Did I mention this was a true story?
The most successful interrogation of an Al-Qaeda operative by U.S. officials required no sleep deprivation, no slapping or "walling" and no waterboarding. All it took to soften up Abu Jandal, who had been closer to Osama bin Laden than any other terrorist ever captured, was a handful of sugar-free cookies.
Time supplies the pertinent background information:
Abu Jandal had been in a Yemeni prison for nearly a year when Ali Soufan of the FBI and Robert McFadden of the Naval Criminal Investigative Service arrived to interrogate him in the week after 9/11. Although there was already evidence that al-Qaeda was behind the attacks, American authorities needed conclusive proof, not least to satisfy skeptics like Pakistani President Pervez Musharraf, whose support was essential for any action against the terrorist organization. U.S. intelligence agencies also needed a better understanding of al-Qaeda's structure and leadership. Abu Jandal was the perfect source: the Yemeni who grew up in Saudi Arabia had been bin Laden's chief bodyguard, trusted not only to protect him but also to put a bullet in his head rather than let him be captured.
Unsurprisingly, Abu Jandal did everything in his power to not cooperate with the American interrogators.

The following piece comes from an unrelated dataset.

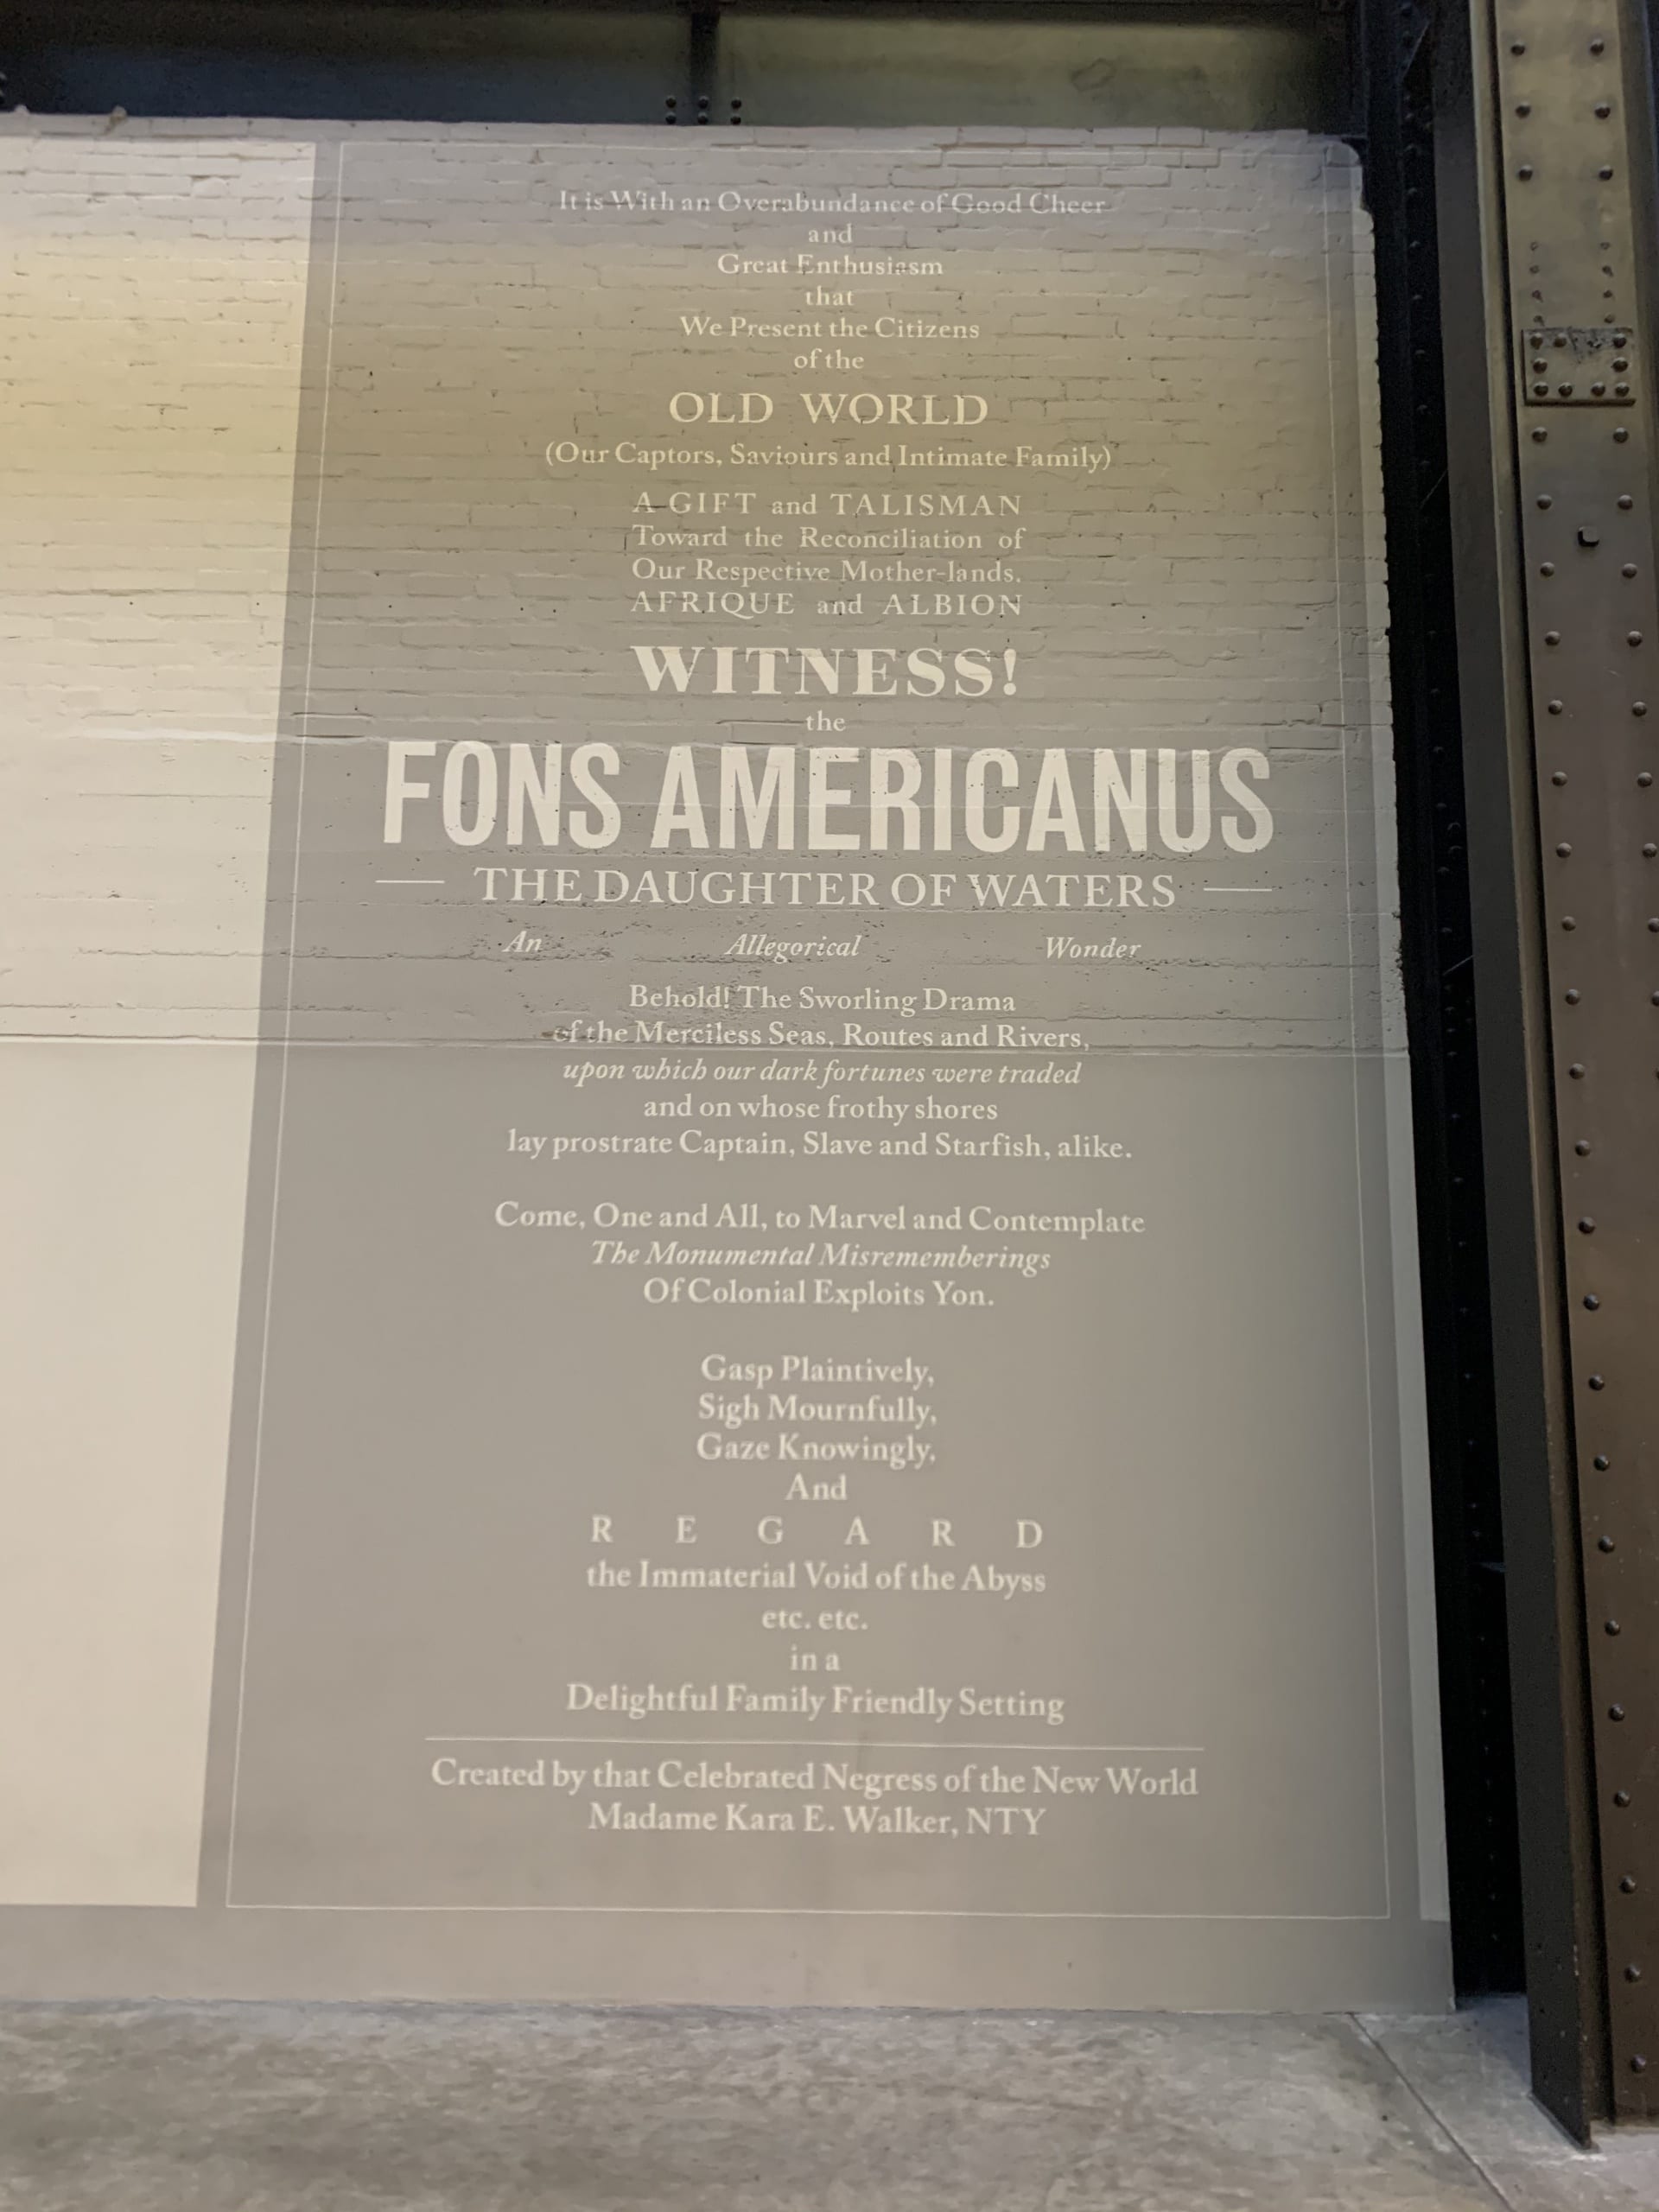 Walker’s statement “Fons Americanus: The Daughter of Waters” ….text on a wall

He went on rants about how the United States was evil and intimidated guards to a point where they felt they had to mask their identities. So naturally, Soufan and company were faced with a choice regarding what to do next: would they employ "enhanced interrogation techniques" or would they try something else?
Soufan noticed that Abu Jandal did not eat any of the cookies that were brought to him. This was because he was diabetic. So when it came time to question him further, the Americans brought sugar-free cookies. The result?

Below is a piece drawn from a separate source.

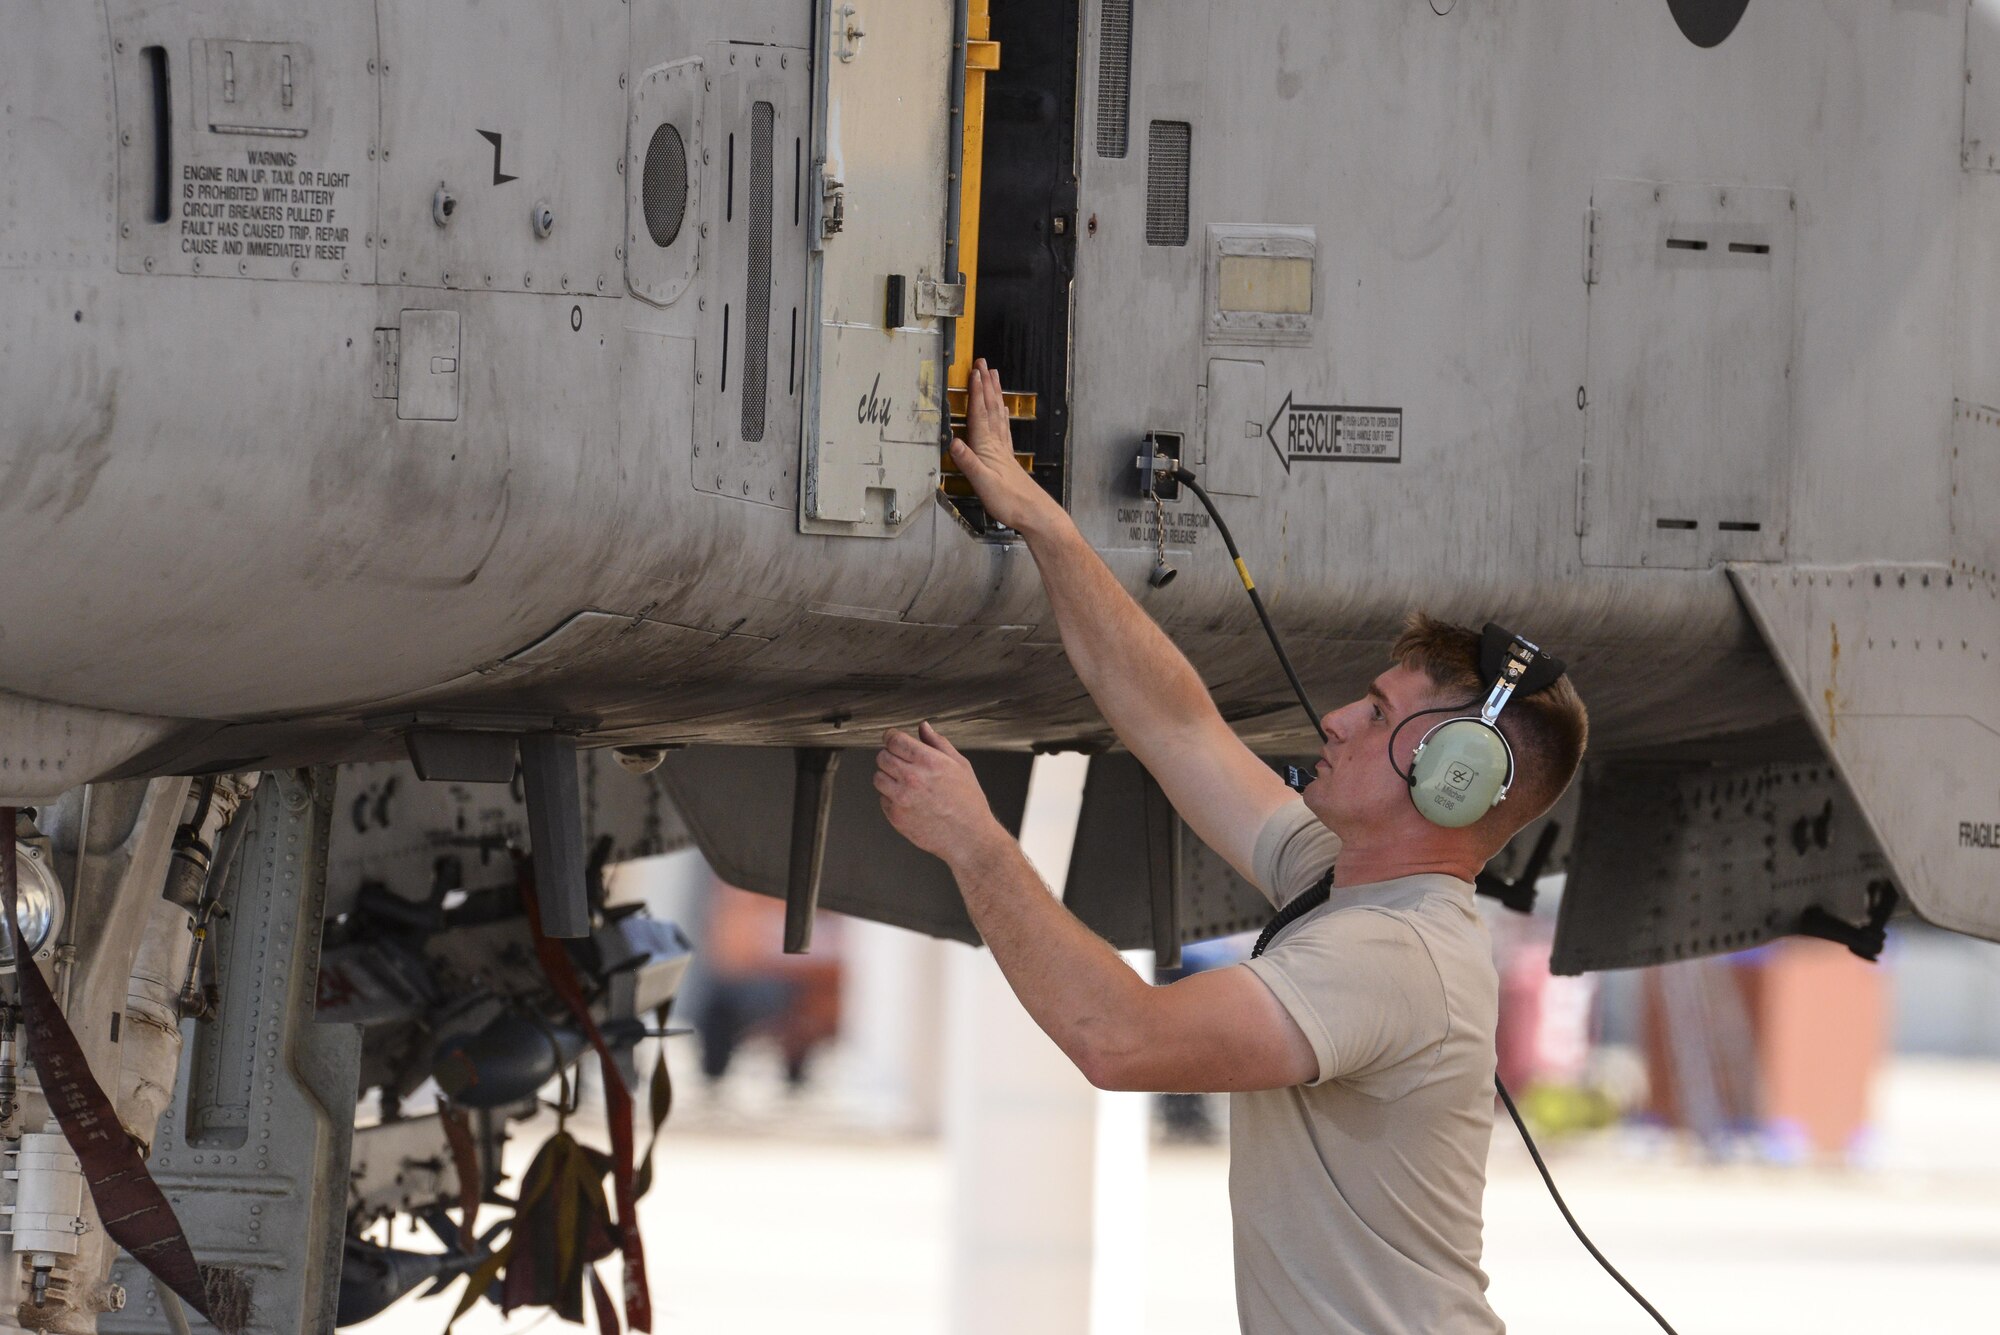 U.S. Air Force Airman 1st Class Jake Mitchell, 355th Aircraft Maintenance Squadron A-10C Thunderbolt II crew chief, prepares an A-10 for launch at Davis-Monthan Air Force Base, Ariz., July 14, 2017. The primary function of the A-10 is close air support, airborne forward air control and combat search and rescue. (U.S. Air Force photo by Senior Airman Mya M. Crosby)

At their next meeting, the Americans brought him some sugar-free cookies, a gesture that took the edge off Abu Jandal's angry demeanor. "We had showed him respect, and we had done this nice thing for him," Soufan recalls. "So he started talking to us instead of giving us lectures."
It took more questioning, and some interrogators' sleight of hand, before the Yemeni gave up a wealth of information about al-Qaeda — including the identities of seven of the 9/11 bombers — but the cookies were the turning point. "After that, he could no longer think of us as evil Americans," Soufan says. "Now he was thinking of us as human beings."

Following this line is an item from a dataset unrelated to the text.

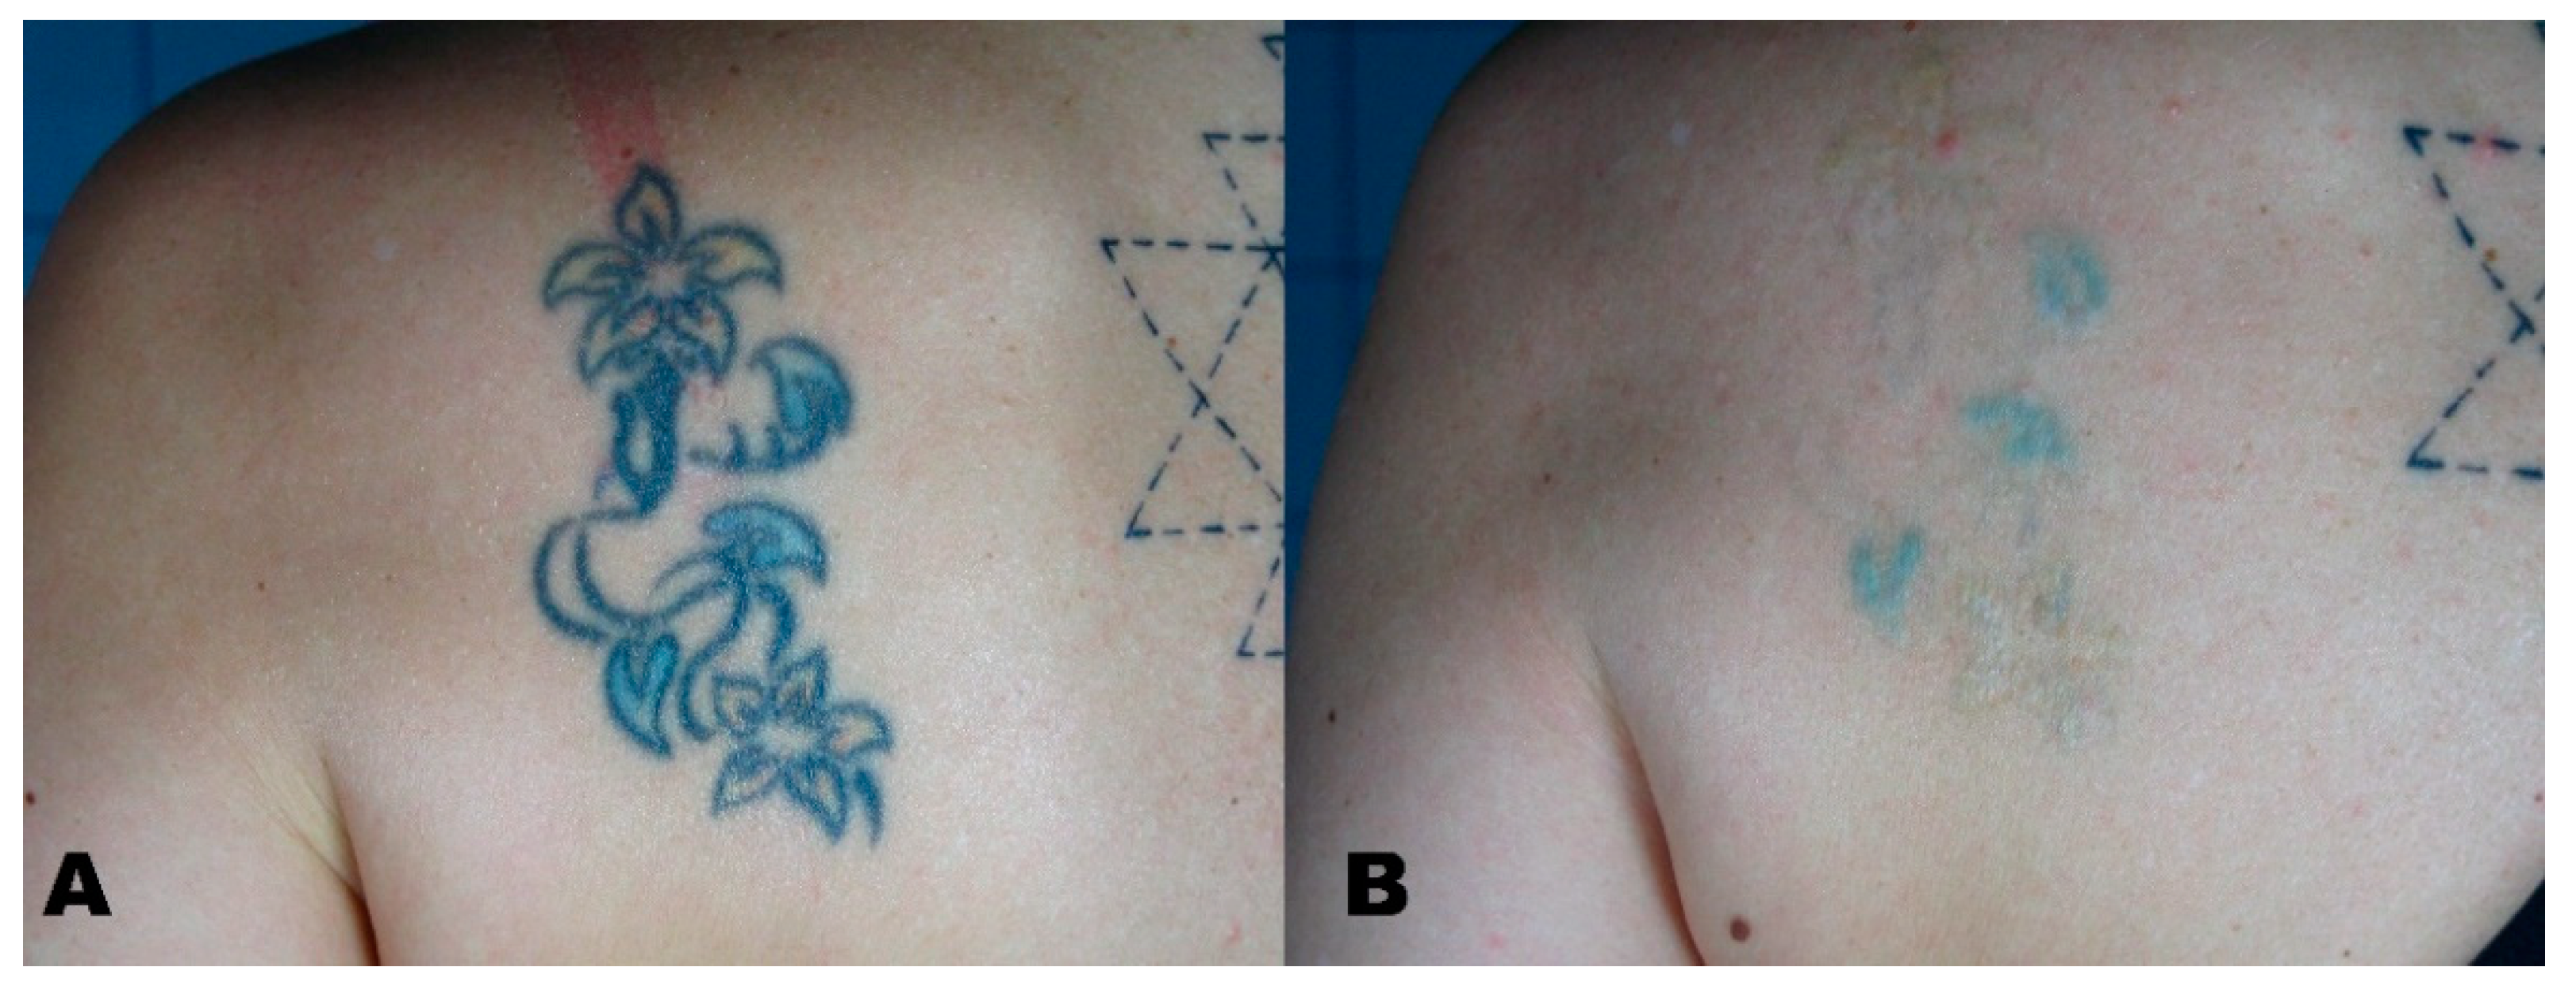 Get Permanent Tattoo Removed Right Away  By Dr Shruti Kohli  Lybrate

Dear God, a human gesture yields human dialogue? Whoddathunkit? I'm not under the illusion that methods of this nature will work each time we employ them, but this is an example of a broader strategy we should be adopting that Bill Clinton summed up perfectly in his DNC speech: "People the world over have always been more impressed by the power of our example than by the example of our power."
Anyway, aren't patronizing quotes like this funny now?
Liberals want us to offer captured terrorists tea and cookies to get information from them.